2 Days to Exegeting A City

I write this from a café in London. I arrived in this amazing city less than 24 hours ago, and am going to be getting on a train out of town in just a couple hours. Not a lot of time for all things touristy, which is fine by me, because I’m a terrible tourist (and proud of that).

Good tourists, though, use an array of guidebooks that can take you on a tour of any given city according to their favorite criteria – “London on $5 a Day!” or “Top Ten Restaurant Experiences in New York” or “The Two Day Guide to Copenhagen.” I haven’t ever read those guides, but I’m sure they’re fun ways of learning a city if you on a limited time frame and/or budget.

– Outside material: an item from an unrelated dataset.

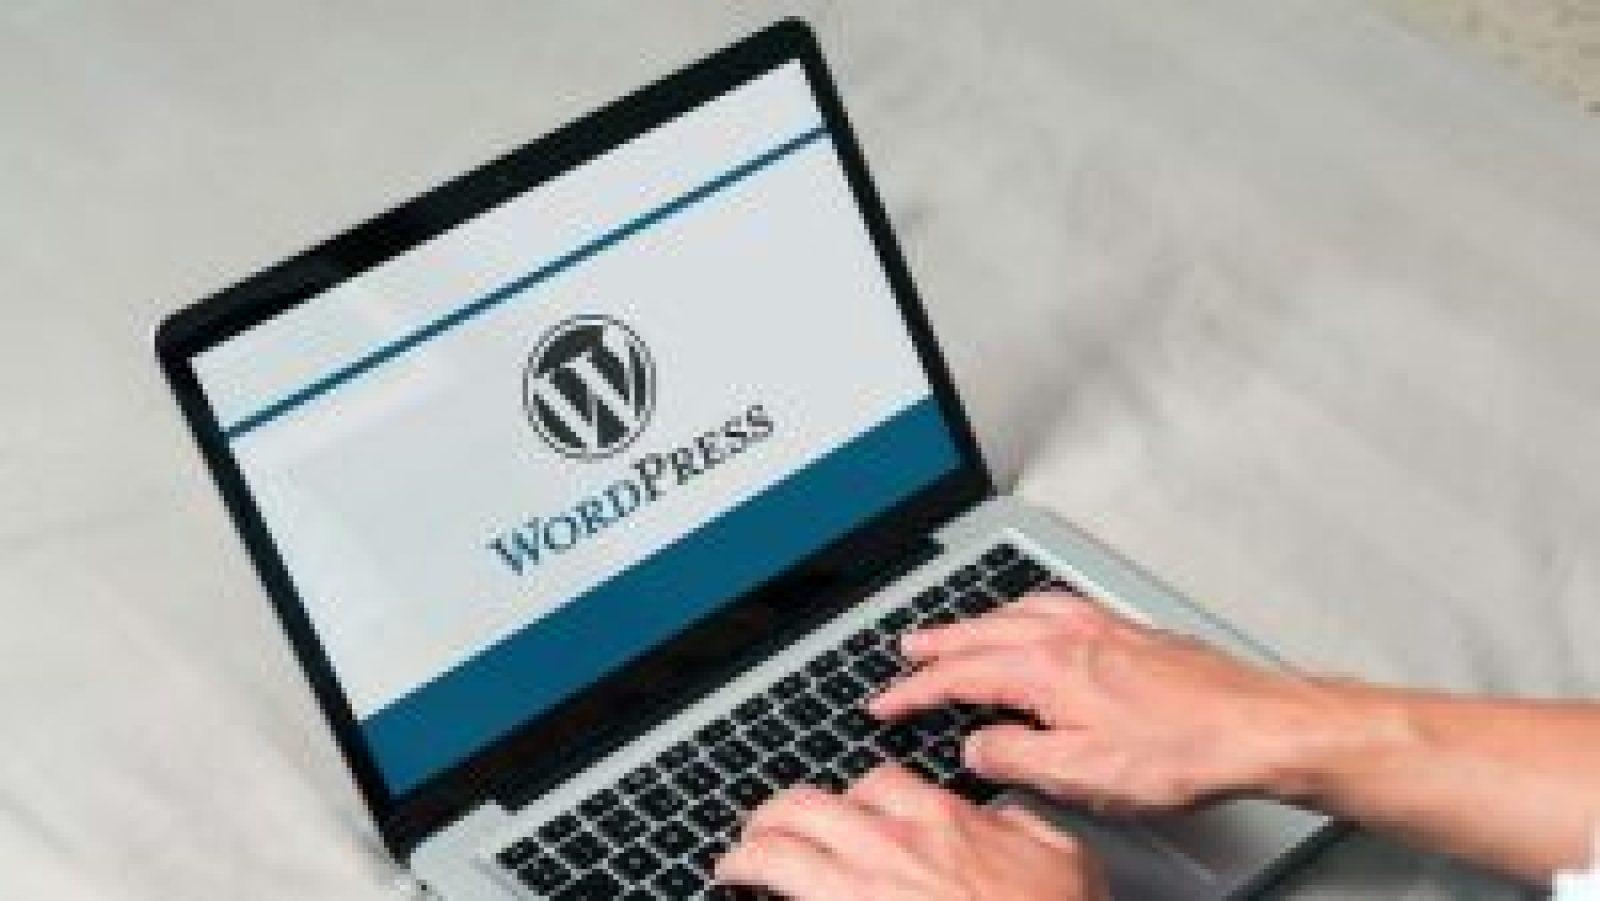 Virusarea site-urilor WordPress

As a blue collar missiologist/theologian, I’m much more interested in the process of “reading” a city than I am in seeing the important tourist sites. I like to observe cultures, especially through the lens of the Kingdom of heaven. I like to look for signs of how people organize their lives, and where there are signals of the Kingdom breaking through, as well as some places where there are ripe opportunities for Kingdom breakthroughs. Since I’m only a blue-collar missiologist/theologian, I don’t have an elaborate, formal process I go through – instead, I just feel my way around cities. Excellent books have been written on this topic . . . but I don’t believe I’ve ever read any of them (lazy me!).

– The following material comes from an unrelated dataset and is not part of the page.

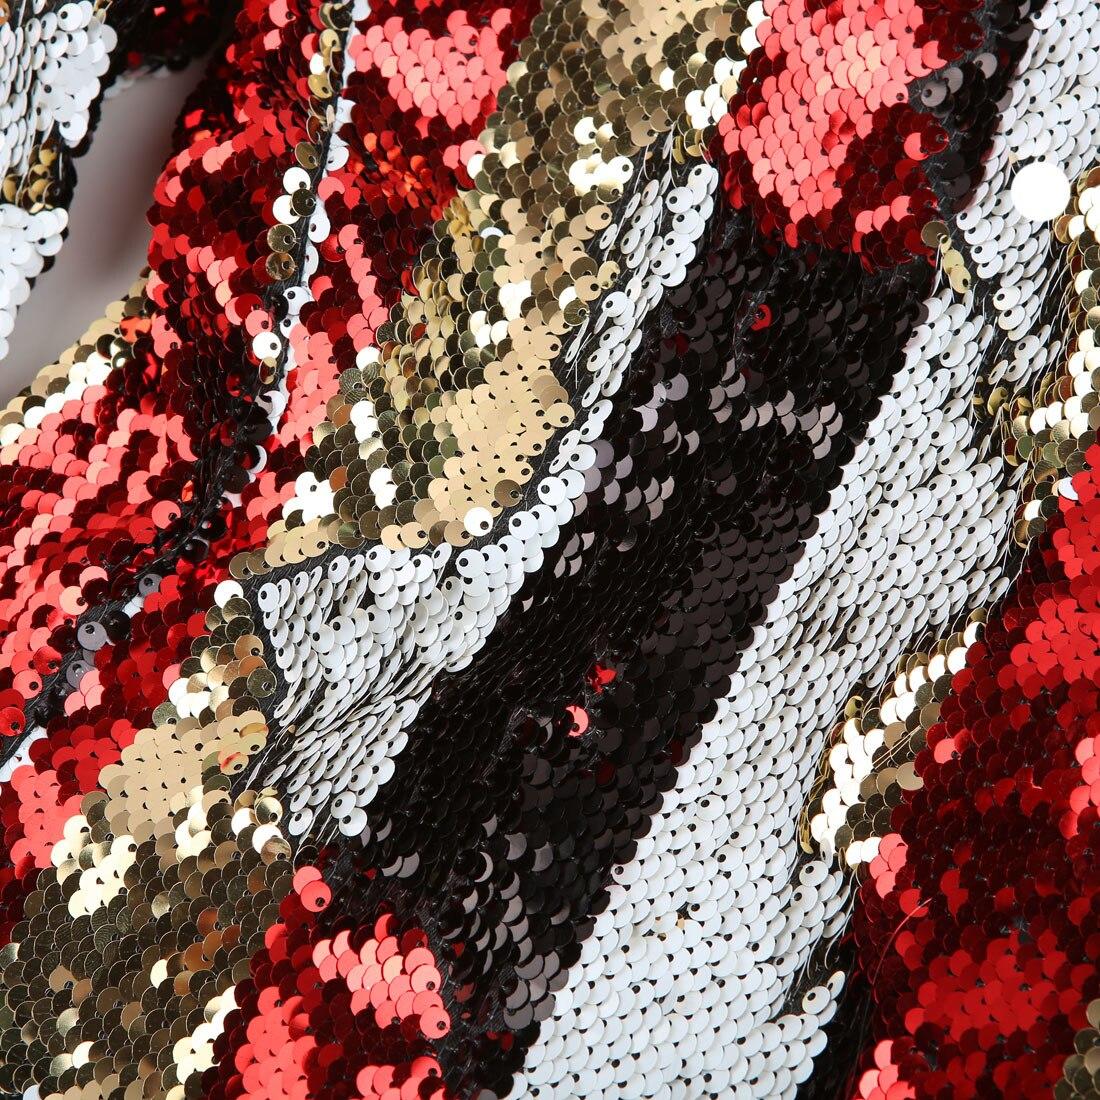 PYJTRL Neue Männer doppelseitige Bunte Streifen Rot Gold Weiß Schwarz Pailletten Blazer Design DJ Sänger Anzug Jacke Mode outfit - 3

But here are a few things I look for when I’m reading a city, including my own city. I love the energy and movement of cities – they’re a never-ending movement of meanings. Caveat – I’m going to just rattle off a list from the top of my head in no particular order, so it’ll be incomplete. Feel free to add to my list in the comments, or challenge my approach.

– Transportation: How people move around in their daily lives says a lot. Do most people drive everywhere? Do they take the bus? Subway? Bicycle. This communicates how much physical contact they have with others, and how interdependent they are as a culture. There are many implications.

– Diversity: Is this city largely monocultural? In our globalized world, every major city has a vast array of ethnic groups present, but are they all visible? For example, Seattle has many subgroups of people, but walking around in 80% of the city, you’d never know it. It looks like a bunch of white people, who may like eating Thai/Japanese/Indian food, but they don’t necessarily like making friends with Thai/Japanese/Indian people.

– Local Media: Pay attention to the local newspapers, TV stations, radio stations, internet sites – both the “respectable” kind and the alternative kinds that you find for free at convenience stores. What kind of stories do they publish? Heavy attention on local politics vs. national politics vs. global issues? How interested are they in the arts? Do they thrive on gossip? What do the advertisements indicate about materialism (whether good or bad)? Is the local media content generated locally or is most of it imported from a different city/country/culture?

– Arts: Does the city value public expressions of art? What kind of stories do the public art pieces communicate? Mainly monuments to local/national heroes or abstract pieces aimed at engaging the imaginations of passers-by?

– Religion: How far down any given city street do you have to go before seeing a church/temple/mosque? Are these places of worship populated more by locals or by tourists? Do the locals identify themselves closely with the local religious expressions? Was the city very religious at one time, but now there are just relics of bygone eras? Do the religious leaders behave as though they have influence (whether they actually have that influence or not)?

– Money: What drives the local economy? Big businesses that were born in the city? Who are the major employers? How was the city originally established economically? Does the city continue to thrive on the power of the original version of the local economy? Answering these questions usually involves seeking out conversation with a local person, or the savvy use of Wikipedia.

– Power: What kinds of people gain political, economic, and cultural influence? Business giants? Politicians? Entertainers? Who are the insiders here? Who gets marginalized? Do people organize more around nationalistic identities or local/tribal identities? What is the nature of the active debates? What are the systems that keep the power holders in place? At first glance, this question may seem hard to answer in a short time frame, but if you pay attention to things like the cleanliness of the streets, or the number of homeless people you see, or the kinds of local businesses you see, you can make some general observations that give you a pretty good working hypothesis.

– Sins: What are the cultural vices? Is there a heavy influence of alcohol? Gambling? Sex? To be clear, I don’t ask these questions for the sake of judgment. But every city has its hang ups and black eyes? Some cities celebrate their vices (like Las Vegas). Some cities attempt to ignore them in public, but may thrive on them economically, below the surface. This is a place of Kingdom observation, not a place of Jonah wanting God to blast Ninevah.

As I said above, please feel free to ammend this list in the comments. Maybe I’m just a culture junkie, but seriously, this stuff never gets old for me. What’s your favorite way to read a city? Or do you even bother? Do you find yourself “consuming” cities or “engaging” them?